Scully’s honey-soaked voice was an instrument, his pace varied, from 
rat-a-tat to complete silence, allowing the crowd and background noise 
to fill things in. He left the microphone for two minutes during the 
roar that followed Hank Aaron’s record-setting 715th home run in 1974.
For Kirk Gibson’s dramatic ninth-inning blow
 in Game 1 of the 1988 World Series that would propel the Dodgers to the
 title, Scully said: “She is gone! In a year that has been so 
improbable, the impossible has happened.”
“Mine, I guess, is no style at all.
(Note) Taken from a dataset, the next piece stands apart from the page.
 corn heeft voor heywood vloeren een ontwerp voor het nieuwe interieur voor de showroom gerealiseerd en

I’m just myself, coming to chat with the audience,” he once said.
When Bill Buckner of the Red Sox allowed a grounder to slip between his legs in Game 6 of the 1986 World Series, capping a crazy comeback by the New York Mets, Scully said:
“A little roller up along first … behind the bag … it gets through Buckner! Here comes [Ray] Knight, and the Mets win it!”
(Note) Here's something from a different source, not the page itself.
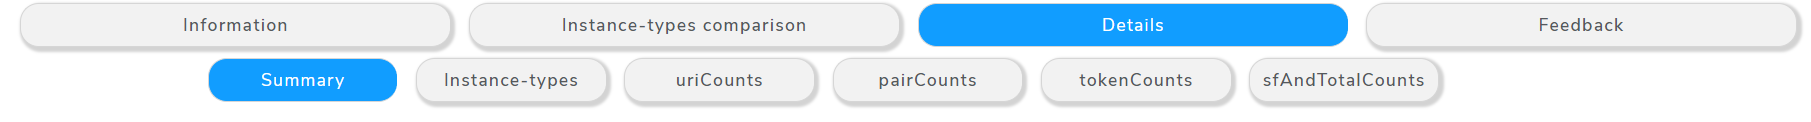 Sub-tabs
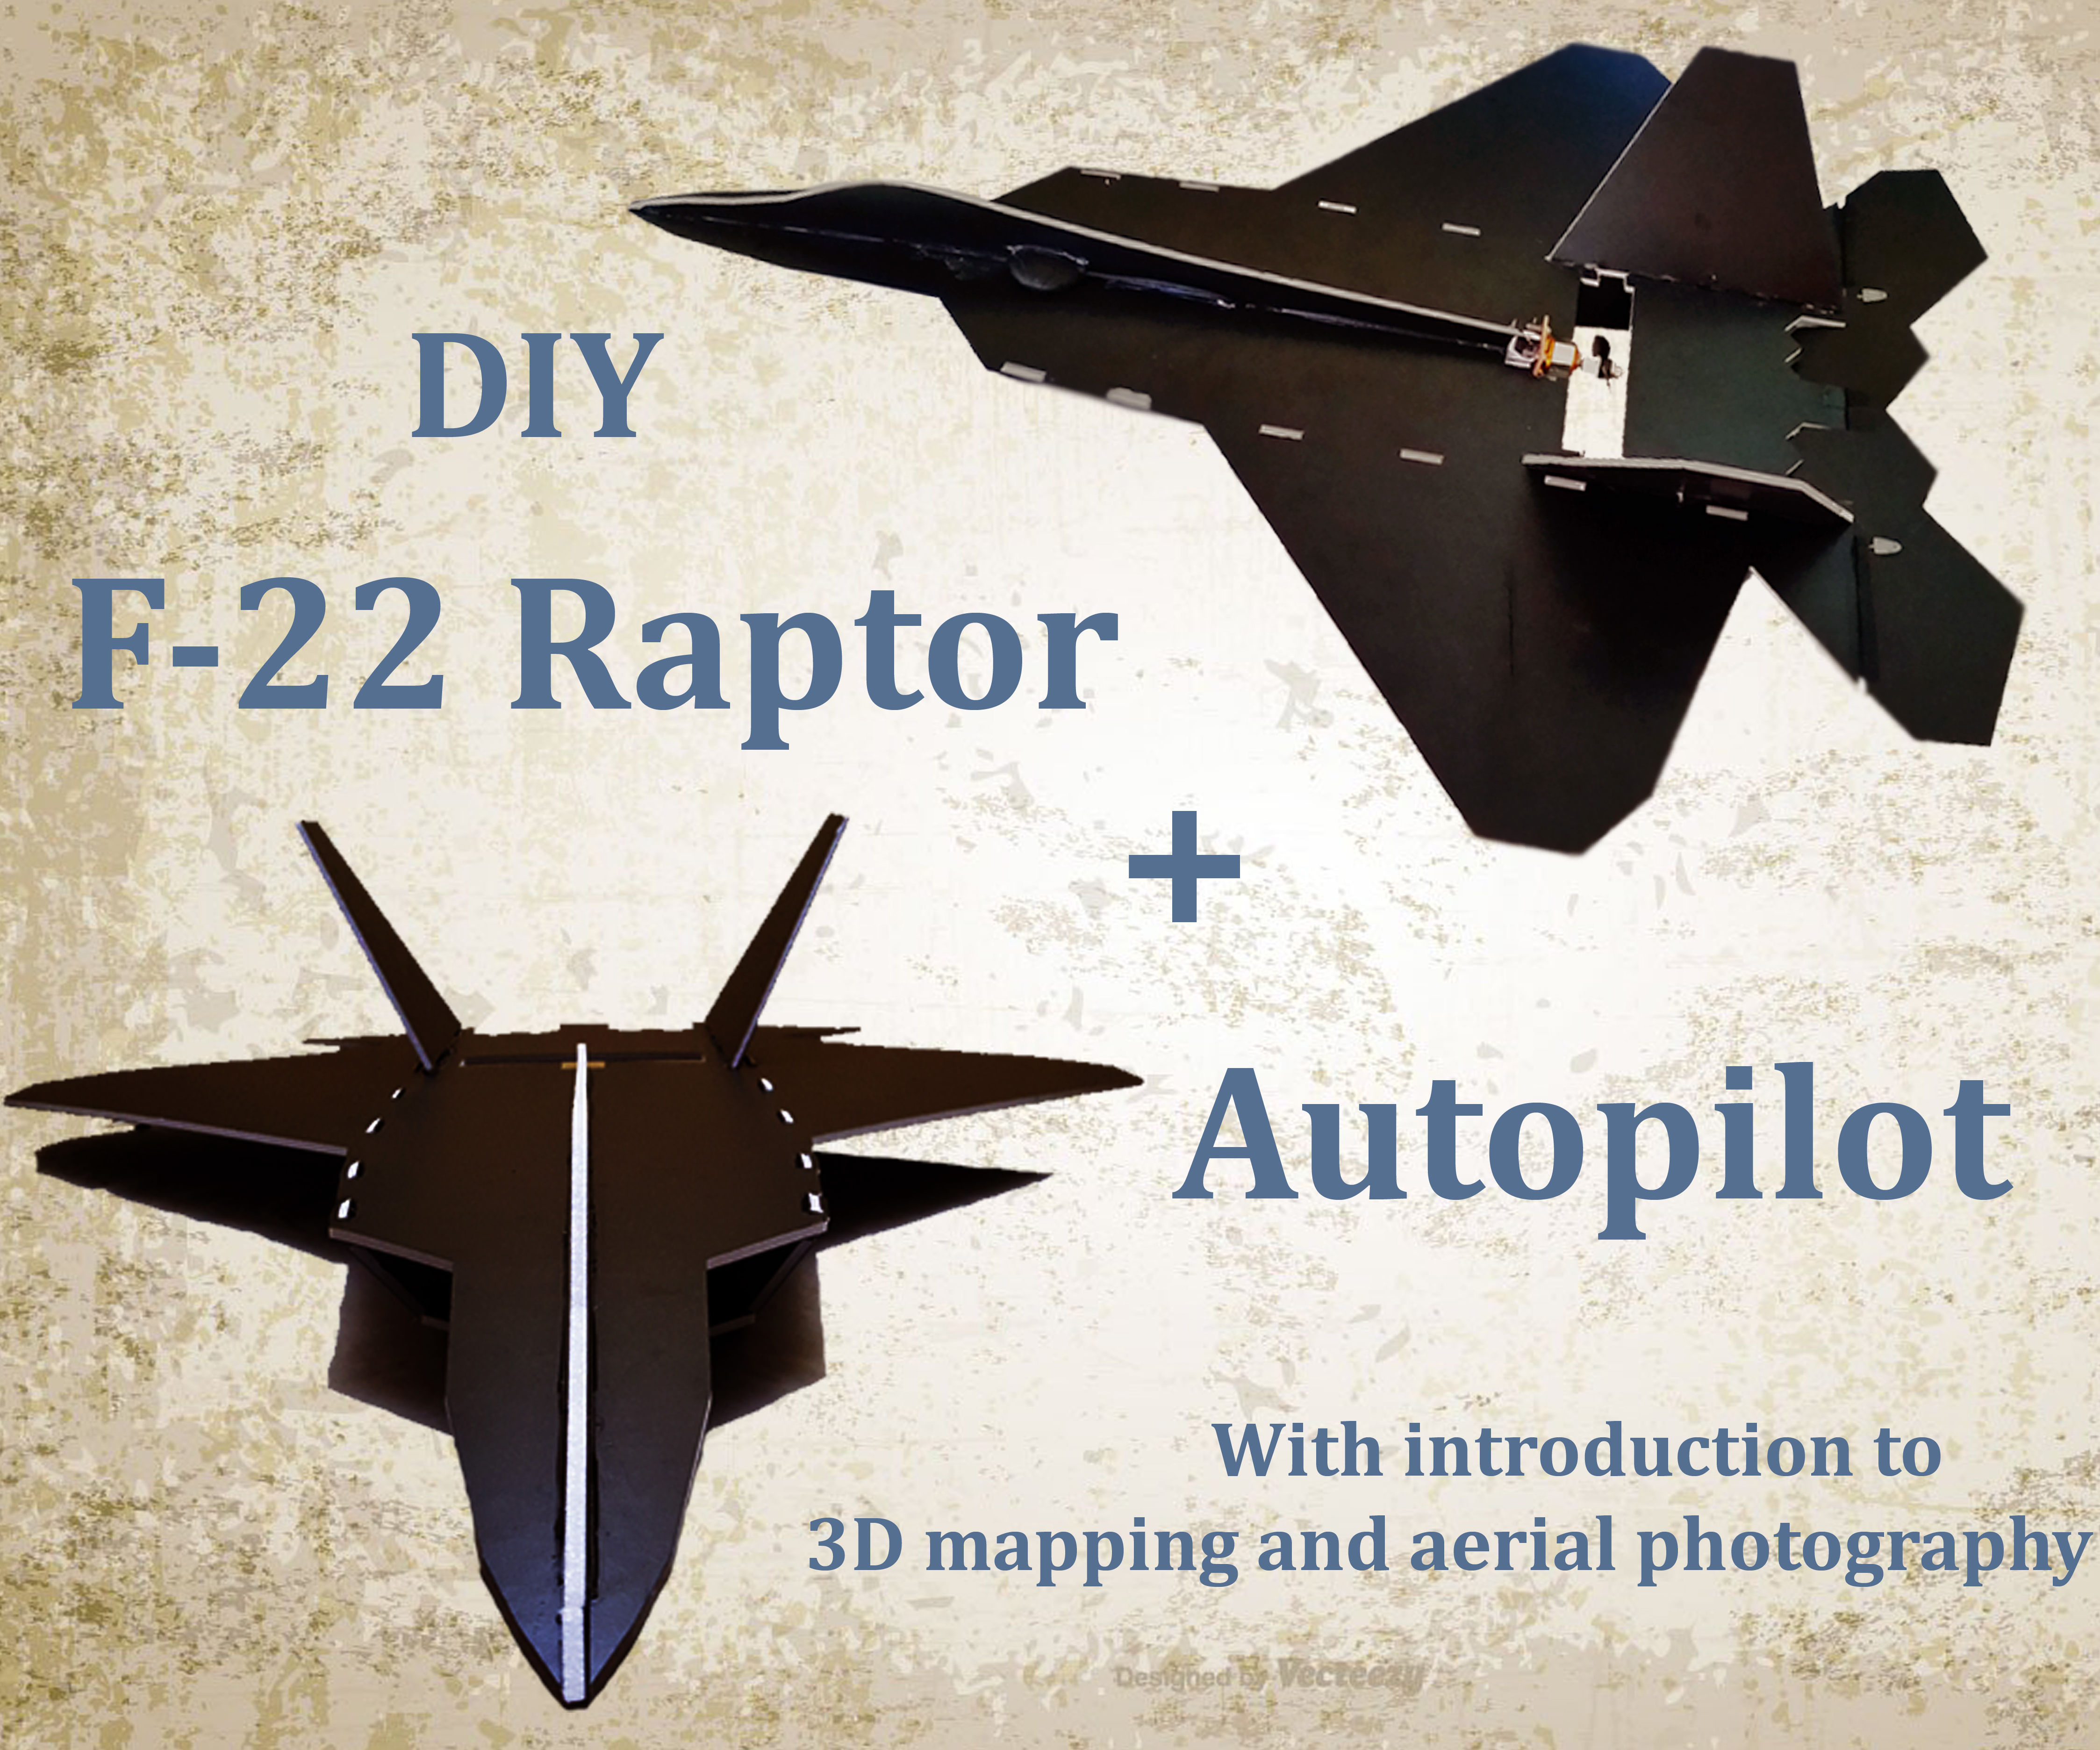 F22 Raptor with Autopilot

Another one of Scully’s more memorable calls came when he 
“time-stamped” Sandy Koufax’s fourth career no-hitter, this one a 
perfect game. “The time on the scoreboard is 9:44,” he told his radio 
listeners. “The date, September the 9th, 1965.”
He described the scene at Dodger Stadium: “There’s 29,000 people in the ballpark and a million butterflies.”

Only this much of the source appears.